2:2-10 “We know that the judgment of God rightly falls upon those who do such things. Do you suppose, O man, that when you judge those who do such things and yet do them yourself, you will escape the judgment of God? Or do you presume upon the riches of his kindness and forbearance and patience? Do you not know that God’s kindness is meant to lead you to repentance? But by your hard and impenitent heart you are storing up wrath for yourself on the day of wrath when God’s righteous judgment will be revealed. For he will render to every man according to his works: to those who by patience in well-doing seek for glory and honor and immortality, he will give eternal life; but for those who are factious and do not obey the truth, but obey wickedness, there will be wrath and fury. There will be tribulation and distress for every human being who does evil…but glory and honor and peace for every one who does good….” These verses are devastating to Protestantism. First and foremost, let’s remember the obvious: Paul is writing to the church at Rome; his audience is already Christian! The Romans already have faith (a renowned one even, as Paul tells them at 1:8). According to Protestantism, these Christians in Rome are already saved and forgiven of all their sins, past, present, and future. Yet Paul is condemning their disobedient actions and calling them to repentance, telling them they will go to hell if they have an “impenitent heart.” Apparently, they were NOT saved “the hour [they] first believed.” Most shocking of all to Protestants, Paul says God will judge each “according to his works” without mentioning faith at all this time. It will be important to remember these verses as we interpret the rest of the book.
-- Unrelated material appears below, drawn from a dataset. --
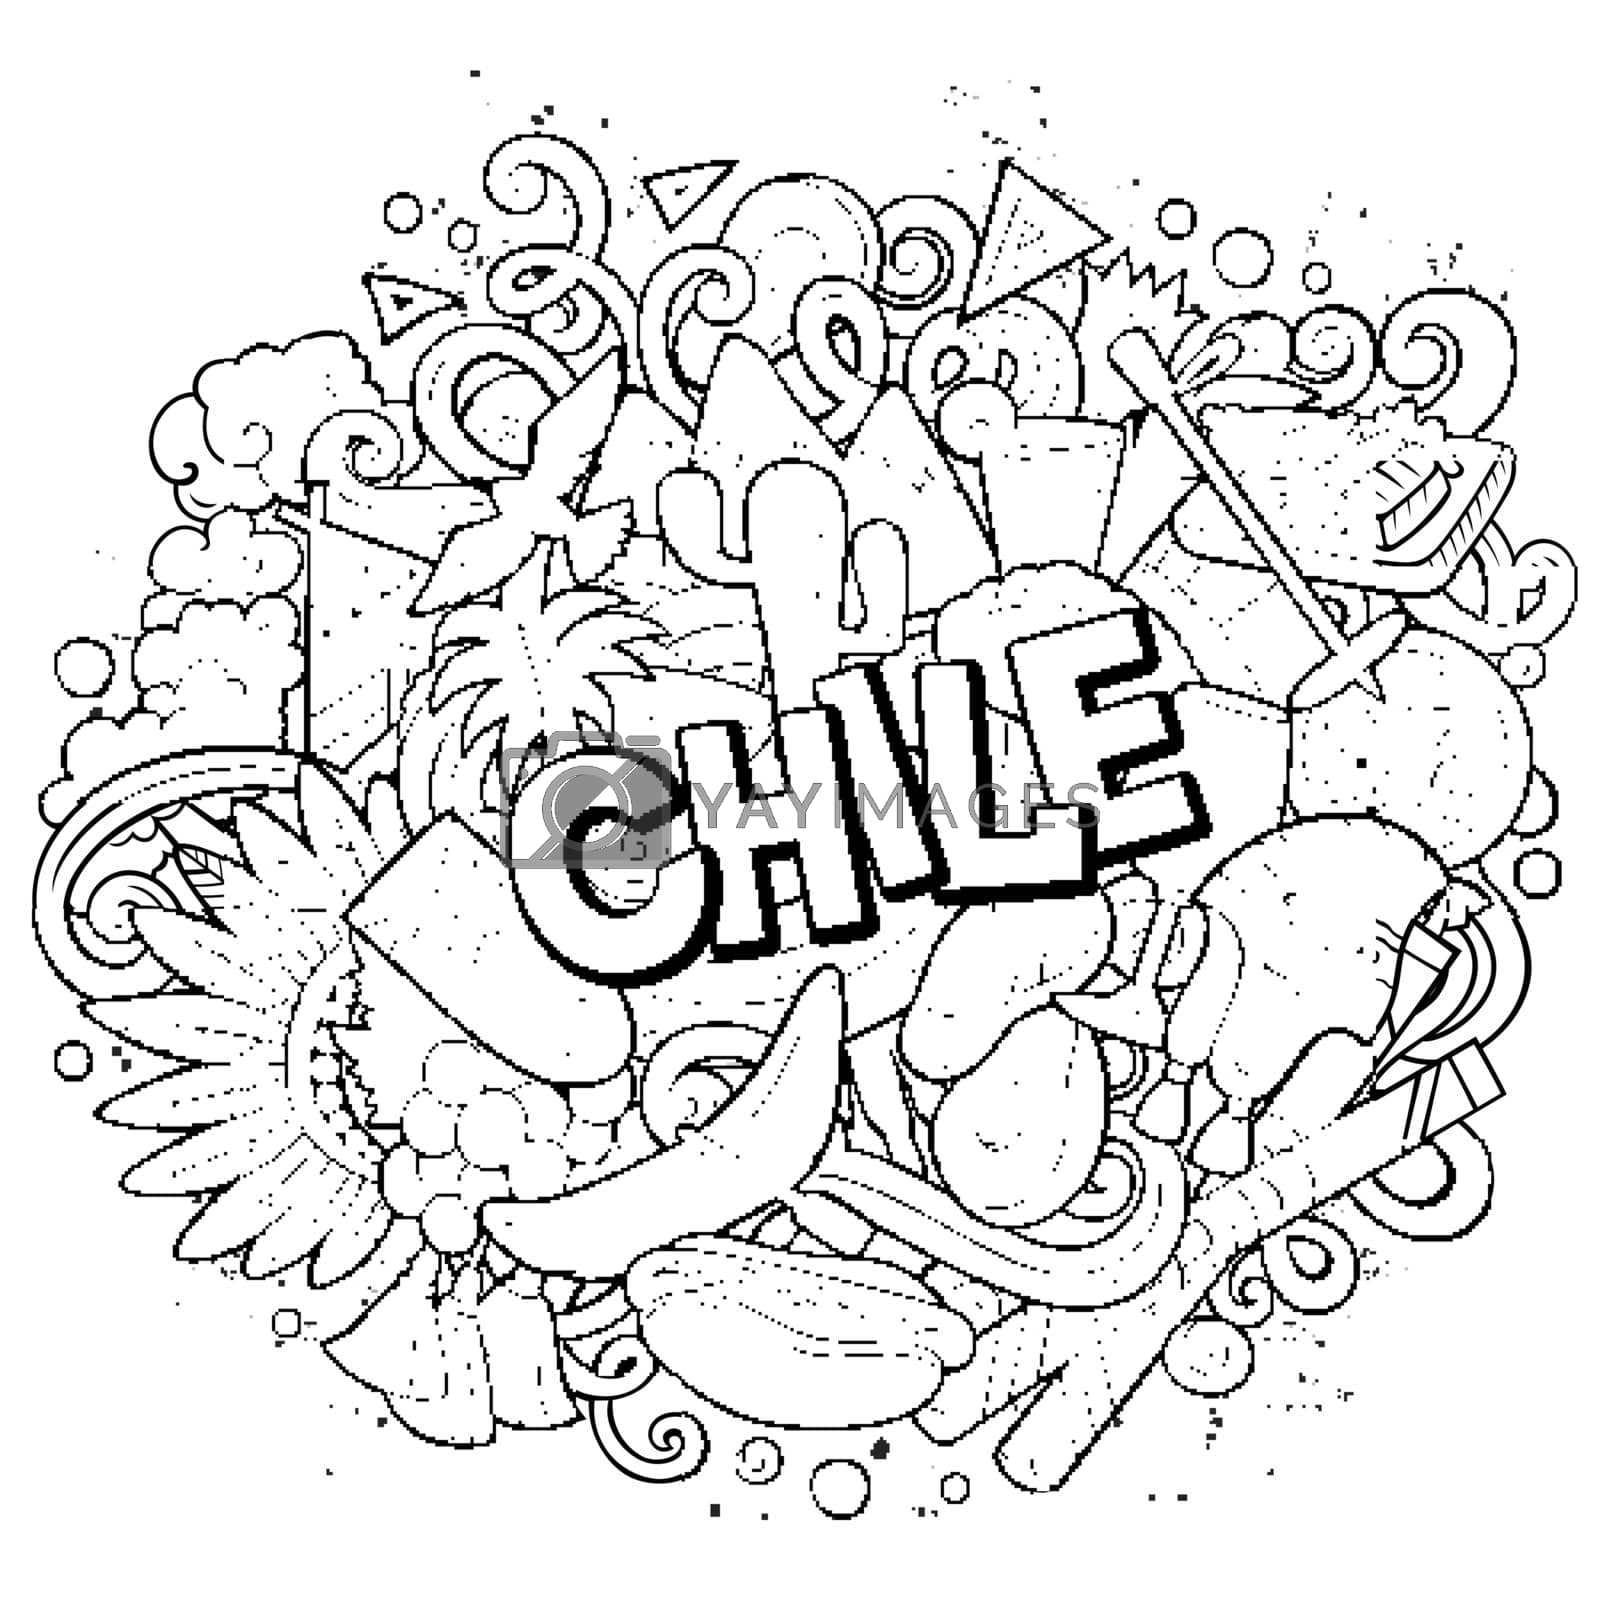 Royalty free image of Chile hand drawn cartoon doodles illustration. Funny design. by balabolka

St. John Chrysostom interprets these verses similarly: “But if you say, I know that I deserve punishment; yet through His long-suffering thinkest slightingly of it, and art confident because thou dost not suffer punishment immediately; this surely is a reason why you ought to be afraid and tremble. For the fact that you have not yet suffered punishment, will not result in your not suffering any punishment, but in your suffering a more severe one if you abide unamended…. For whenever you utter this common notion, that God does not exact justice, because He is good and long-suffering, he says, You do but mention what will make the vengeance intenser. For God shows His goodness that you may get free from your sins, not that you may add to them. If then thou make not this use thereof, the judgment will be more fearful. Wherefore it is a chief ground for abstaining from sin, that God is long-suffering, and not for making the benefit a plea for obstinacy. For if He be long-suffering, He most certainly punishes…. For the fact of showing many who, if they repent not, are liable, yet still are not punished here, introduces with it necessarily the judgment, and that with increase…. For after that he had showed the goodness of God towards men, he then shows His vengeance that it is unbearable for him who does not even so return to repentance…. Here also he awakens those who had drawn back during the trials, and shows that it is not right to trust in faith only. For it is deeds also into which that tribunal will enquire…. Again, he deprives of excuse those that live in wickedness, and shows that it is from a kind of disputatiousness and carelessness that they fall into unrighteousness…. And he does not say, who are ‘compelled by,’
‘lorded over by,’
but who ‘obey unrighteousness,’
that one may learn that the fall is one of free choice, the crime not of necessity.”
2:12-13 “All who have sinned without the law will also perish without the law, and all who have sinned under the law will be judged by the law. For it is not the hearers of the law who are righteous before God, but the doers of the law who will be justified.” Again, this is devastating to Protestant soteriology. Later in the letter Paul will say that we are justified by faith, but here he explicitly says that we are also justified by observing the law (not the works of the law, but the law; the former ritual, the latter moral. Get the difference straight!). It will be important to remember these verses as we interpret the rest of the book. Those “without the law” are the Gentiles, not Christians. Those under the law are the Jews and Christians, meaning they received the law. However, as Paul will explain, all have sinned and it is only the Christian who will escape the penalty of sin (death) required by the law by means of faith.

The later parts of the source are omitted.